I was talking to someone before the start of the holiday season about running the Vendor Provider (VP) for vVols as a VM and what the best practices are around that. I was thinking about the implication of the VP not being available and came to the conclusion that when the VP is unavailable a bunch of things stop working out of which “bind” is probably most important.
The “bind” operation is what allows vSphere to access a given Virtual Volume (vVol), and this operation is issued during a power-on of a VM. This is how the vVols FAQ describes it:
When a vVol is created, it is not immediately accessible for IO. To Access vVol, vSphere needs to issue a “Bind” operation to a VASA Provider (VP), which creates IO access point for a vVol on a Protocol Endpoint (PE) chosen by a VP. A single PE can be the IO access point for multiple vVolss. “Unbind” Operation will remove this IO access point for a given vVol.
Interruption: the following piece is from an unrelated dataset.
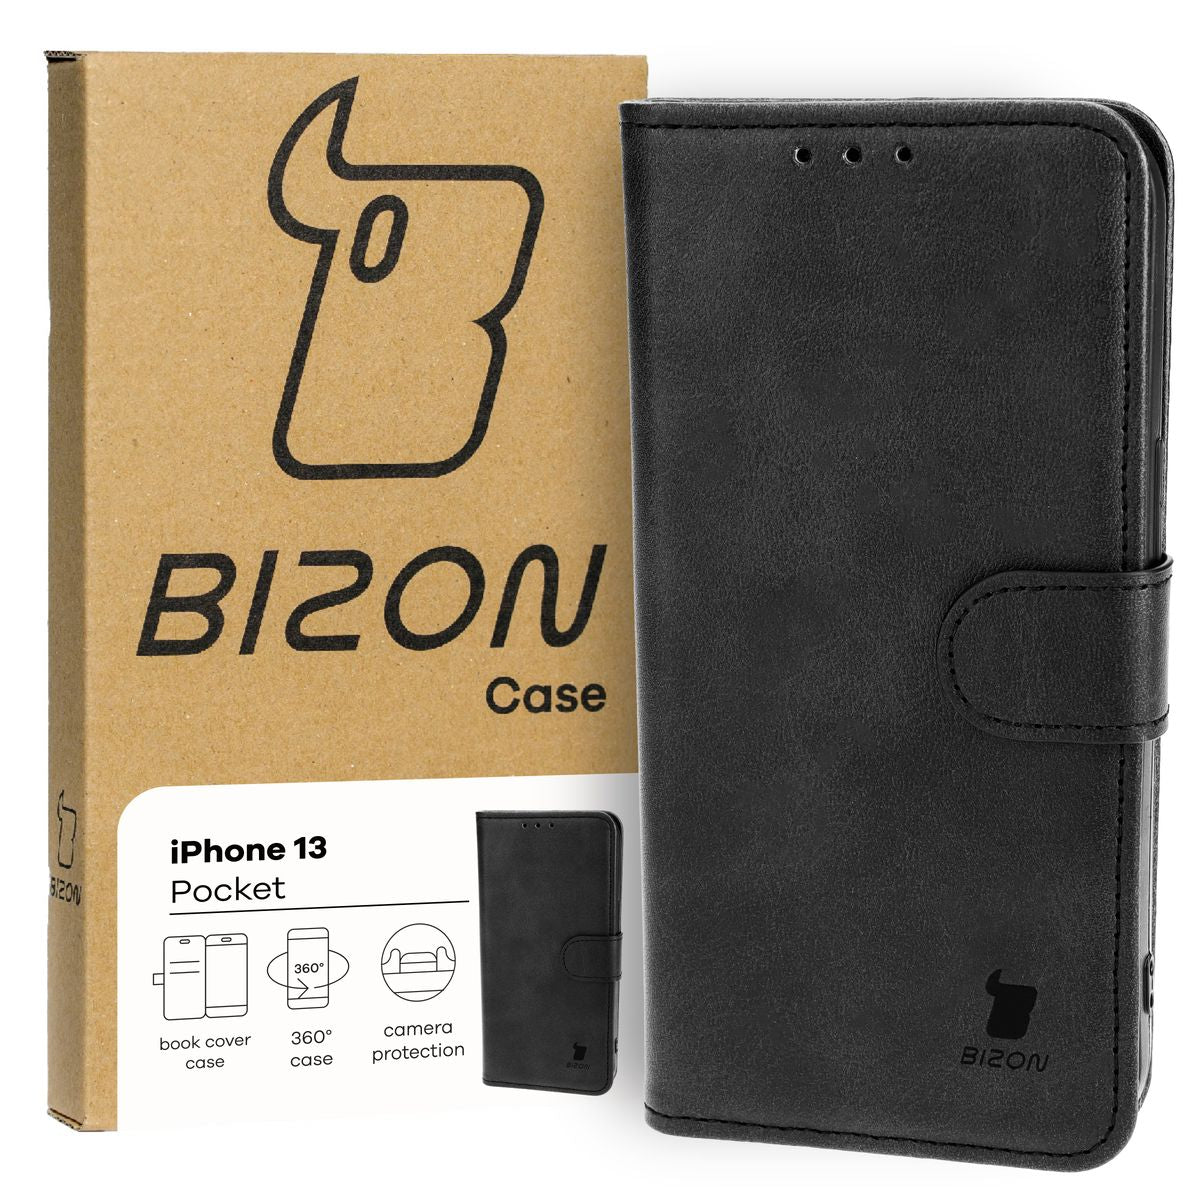 Schutzhülle für iPhone 13, Bizon Case Pocket, Schwarz

This means that when the VP is unavailable, you can’t power-on VMs at that particular time. For many storage systems that problem is mitigated by having the VP as part of their storage system itself, and of course there is the option to have multiple VPs as part of your solution, either in active/active or in active/standby configuration. In the case of VSAN for instance, each host has a VASA provider out of which one is active and others are standby, if the active fails the standby will take over automatically. So to be clear, it is up to the vendor to decide what type of availability to provide for the VP, some have decided to go for a single instance and rely on vSphere HA to restart the appliance, others have created active/standby etc.
But back to vVols, what if you own a storage system that requires an external VASA VP as a VM?
- Run your VP VMs in a management cluster, if the hosts in the “production” cluster are impacted and VMs are restarted then at least the VP VMs should be up and running in your management cluster
- Use multiple VP VMs if and when possible, if active/active or active / standby is supported make sure to run your VPs in that configuration
- Do not use vVols for the VP itself, you don’t want to have any (circular) dependency between the availability of the VP and being able to power-on the VP itself
- If there is no availability story for the VP, depending on the configuration of the appliance vSphere FT should be considered.
One more thing, if you are considering buying new storage, I think one question you definitely need to ask your vendor is what their story is around the VP. Is it a VM or is it part of the storage system itself? Is there an availability story for the VP, and if so is this “active/active” or “active/standby”? If not, what do they have on their roadmap around this? You are probably also asking yourself what VMware has planned to solve this problem, well there are a couple of things cooking and I can’t say too much about it. One important effort though is the inclusion of bind/unbind in the T10 SCSI standard, but as you can imagine, those things take time. (Which would allow us to power-on new VMs even when the VP is unavailable as it would be a SCSI command.) Until then, when you design a vVol environment, take the above into account when it comes to your Vendor Provider aka VP!